With regard to bone metabolism, not many studies have been published on COMT. In 458 young adult Swedish men, the COMTL allele was associated with a 4% lower peak BMD in the femur (15). Yet, in a cohort of 1795 postmenopausal women, no association of the COMTL allele with femoral neck and spine BMD was found (16).

The expression of COMT in bone cells could indicate a more local effect of COMT on bone than a systemic effect on estrogen levels; however, this has not been studied as far as we know.

Here we investigated the effect of the COMT Val158Met variant on BMD, fracture risk, and estrogen levels in elderly men and women of the Rotterdam Study. To study the local expression of COMT in bone cells, we looked at mRNA expression in three different osteoblast-like cell lines.


    Subjects and Methods
 Top
 Abstract
 Introduction
 Subjects and Methods
 Results
 Discussion
 References
 
Study populations

Subjects were participants of the Rotterdam Study, a large prospective population-based cohort study of Caucasian subjects aged 55 yr and over, living in the Ommoord district of Rotterdam, The Netherlands. The study was designed to investigate the incidence and determinants of chronic disabling diseases in the elderly. Rationale and design have been described previously (17). All 10,275 inhabitants aged 55 yr and over were invited for baseline examination between August 1990 and June 1993. Of those, 7983 participated. Among the subjects living independently, the overall response rate was 77% for home interview and 71% for examination in the research center, where anthropometric characteristics and BMD were measured and blood samples were taken. The Rotterdam Study was approved by the medical ethics committee of the Erasmus University Medical School, and written informed consent was obtained from each subject. The current study is based on 6298 subjects (2570 male) for whom genotype data were available for the COMT Val158Met polymorphism. Baseline measurements of BMD were available for 5156 subjects (82% of the genotyped cohort, 2217 males) and both height and weight data for 6069 subjects (96% of the genotyped cohort, 2515 males).

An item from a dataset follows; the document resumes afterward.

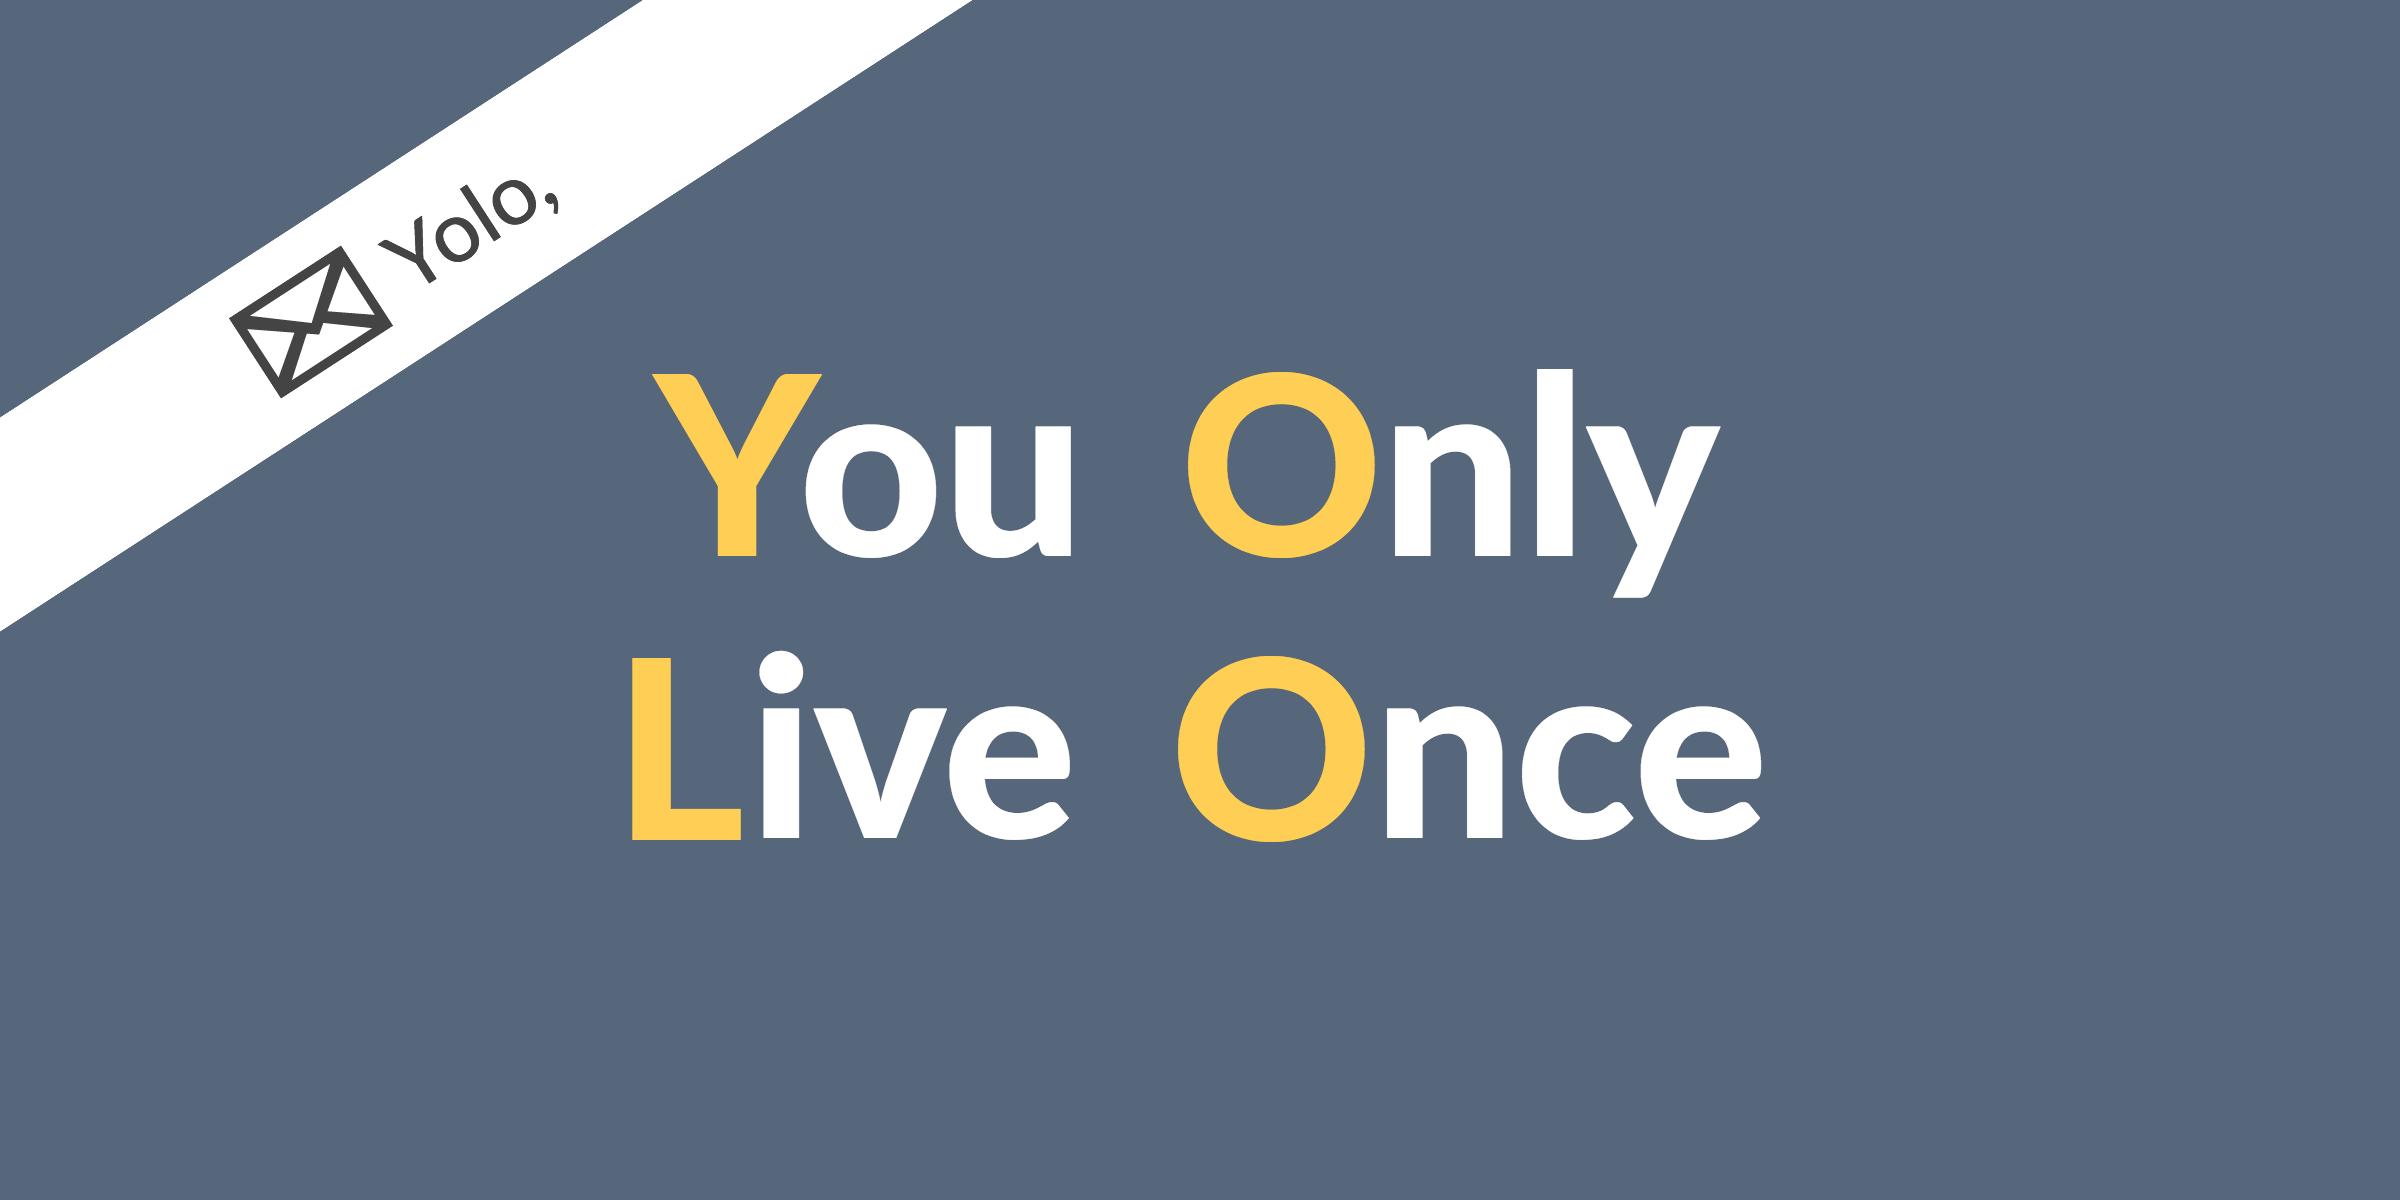 YOLO - you only live once

In addition, we determined allele frequencies in a panel of subjects of different ethnic background from the National Institute of General Medical Sciences Human Diversity Panel (Coriell Institute, Camden, NJ). The panel consisted of 60 African-Americans (HD04 and HD50) and 110 Han-Chinese (HD02 and HD100).

Clinical examination

Height and weight were measured at baseline examination with the subject in a standing position with indoor clothing without shoes. BMD (in grams per square centimeter) was determined by dual-energy x-ray absorptiometry (DPX-L densitometer; Lunar, Madison, WI) at the femoral neck and lumbar spine (vertebrae L2, L3, and L4), as described elsewhere (18). Age at menopause and smoking habits were assessed by a questionnaire.

Hormone assays

Estrone, estradiol, androstenedione, and testosterone levels were determined in a gender-stratified random sample (n = 1159) as described earlier (19).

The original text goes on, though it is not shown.